SOURCE MATERIAL:
BEGIN

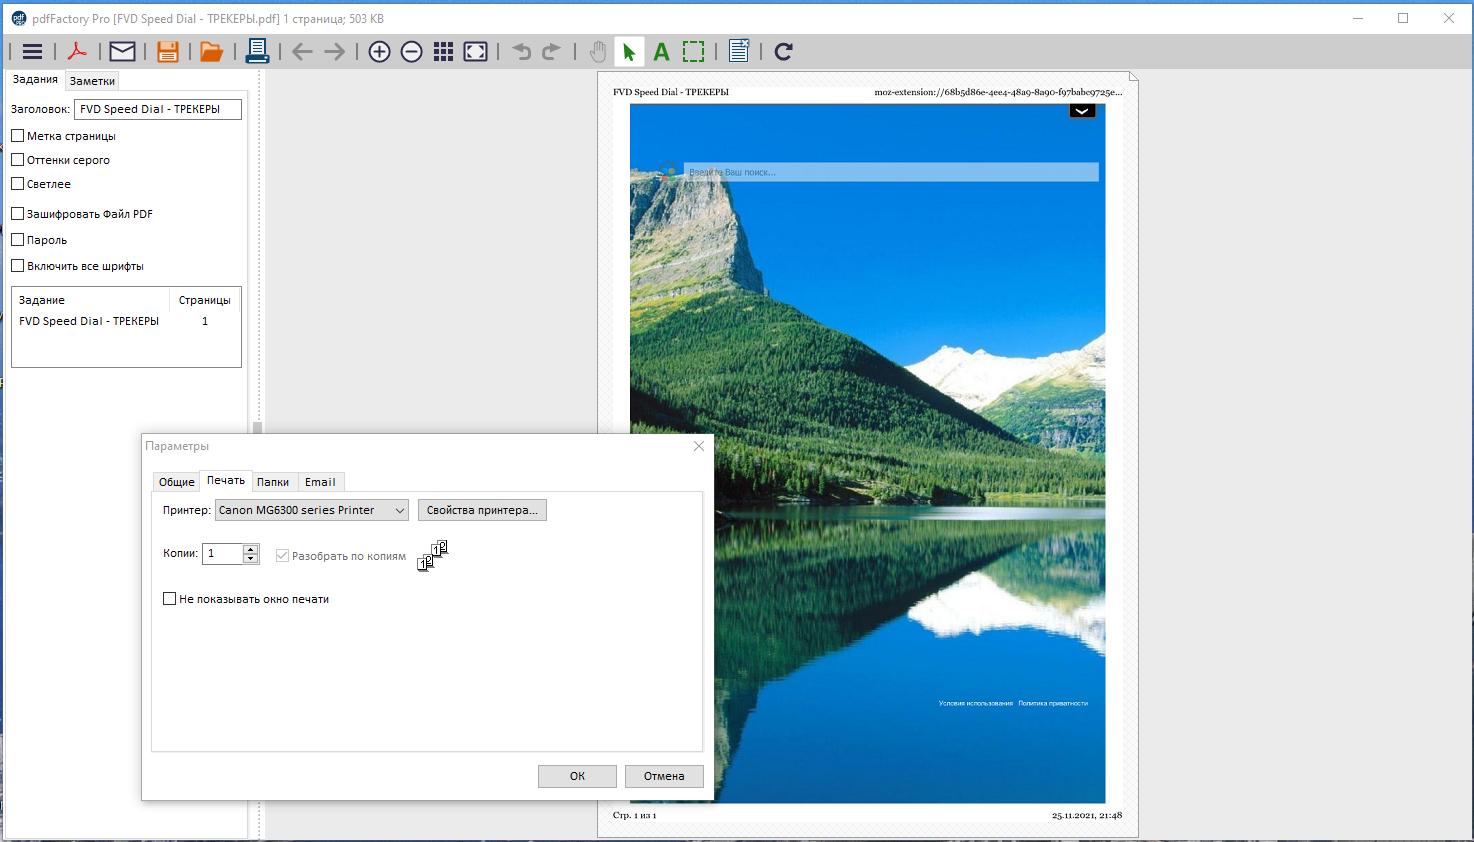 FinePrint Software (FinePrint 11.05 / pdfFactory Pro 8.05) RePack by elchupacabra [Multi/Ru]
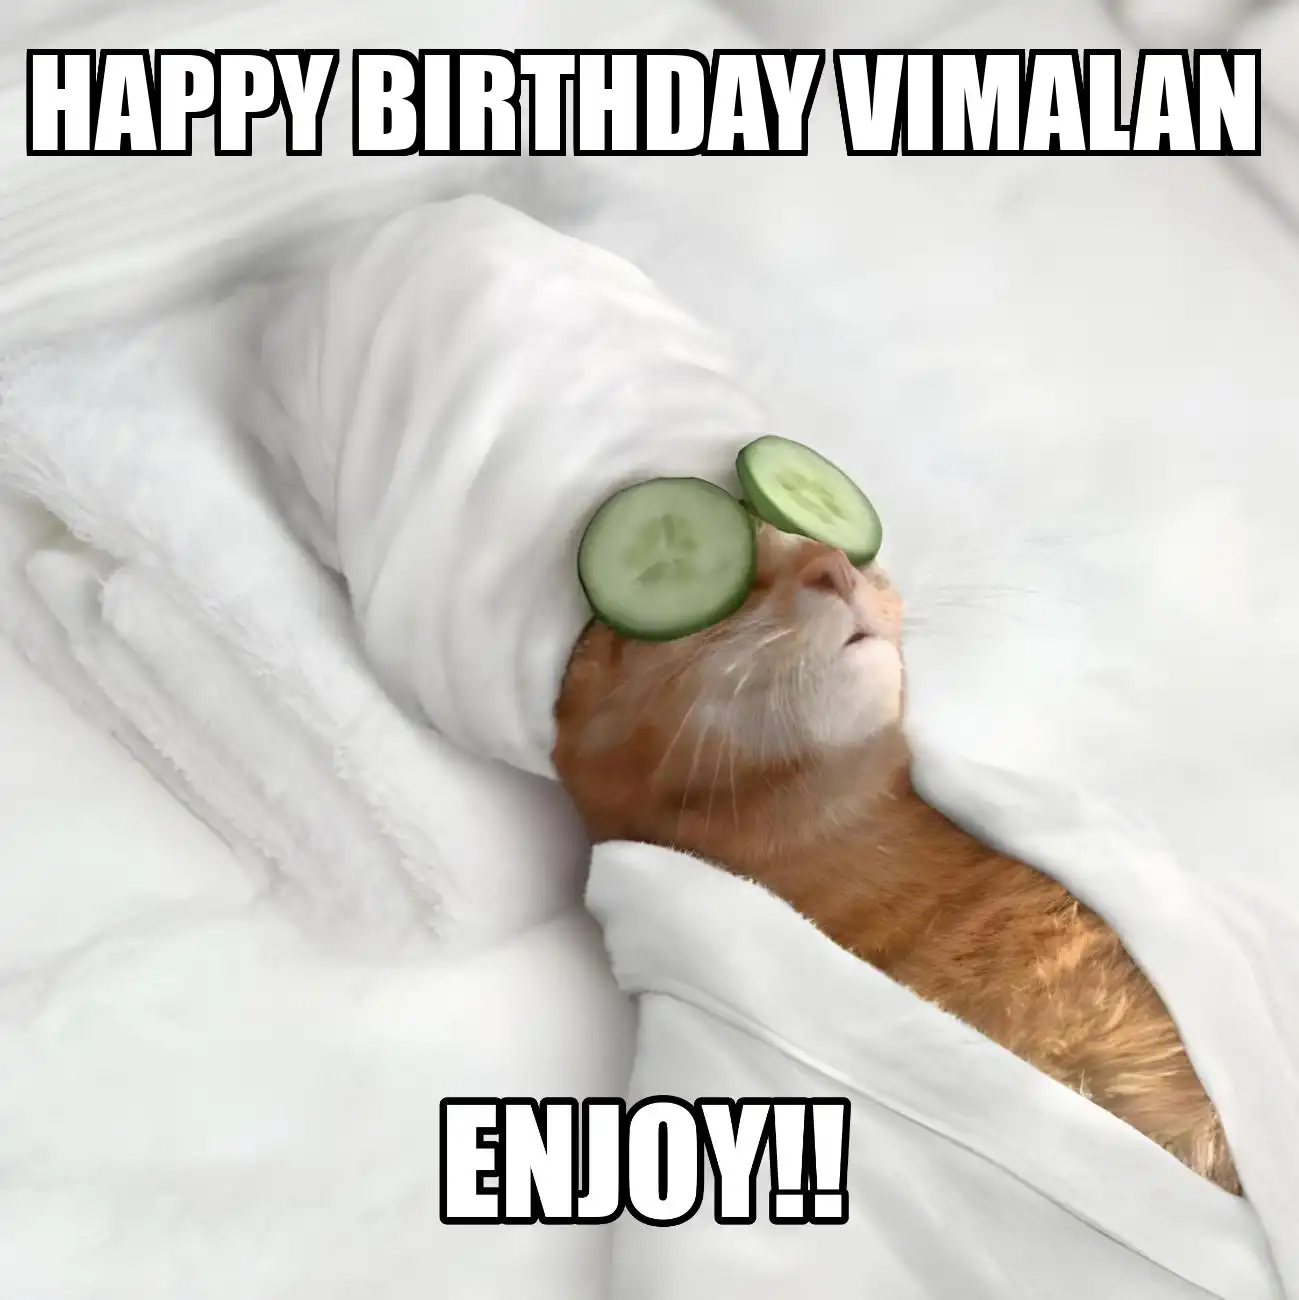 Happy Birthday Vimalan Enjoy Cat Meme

END
BEGIN

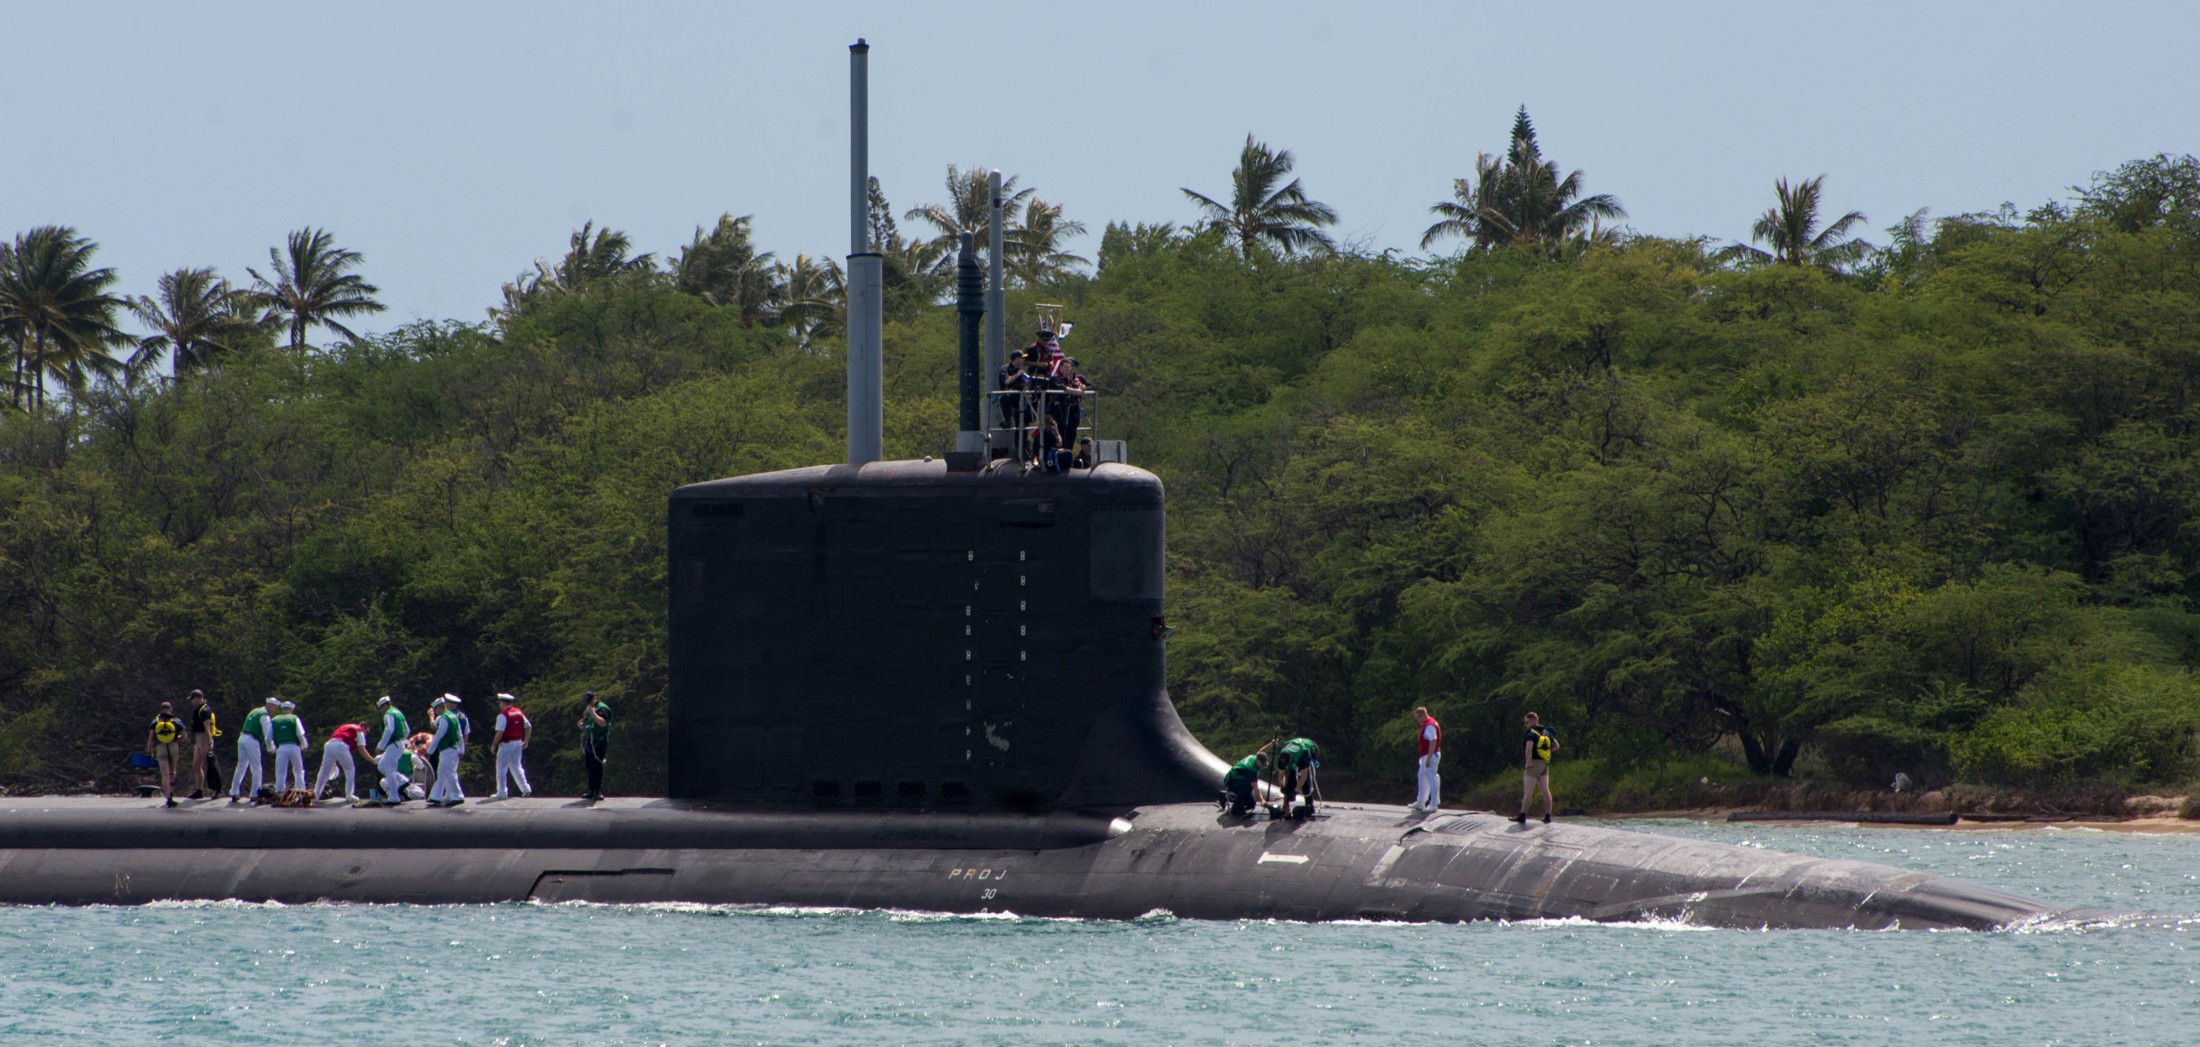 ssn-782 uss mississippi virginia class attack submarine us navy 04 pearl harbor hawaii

END

TRY IT:
Leave out the images and write out the lines above exactly, from the one with "FinePrint Software (FinePrint" up to and including the one with "Happy Birthday Vimalan Enjoy Cat Meme".

ANSWER:
 FinePrint Software (FinePrint 11.05 / pdfFactory Pro 8.05) RePack by elchupacabra [Multi/Ru]
 Happy Birthday Vimalan Enjoy Cat Meme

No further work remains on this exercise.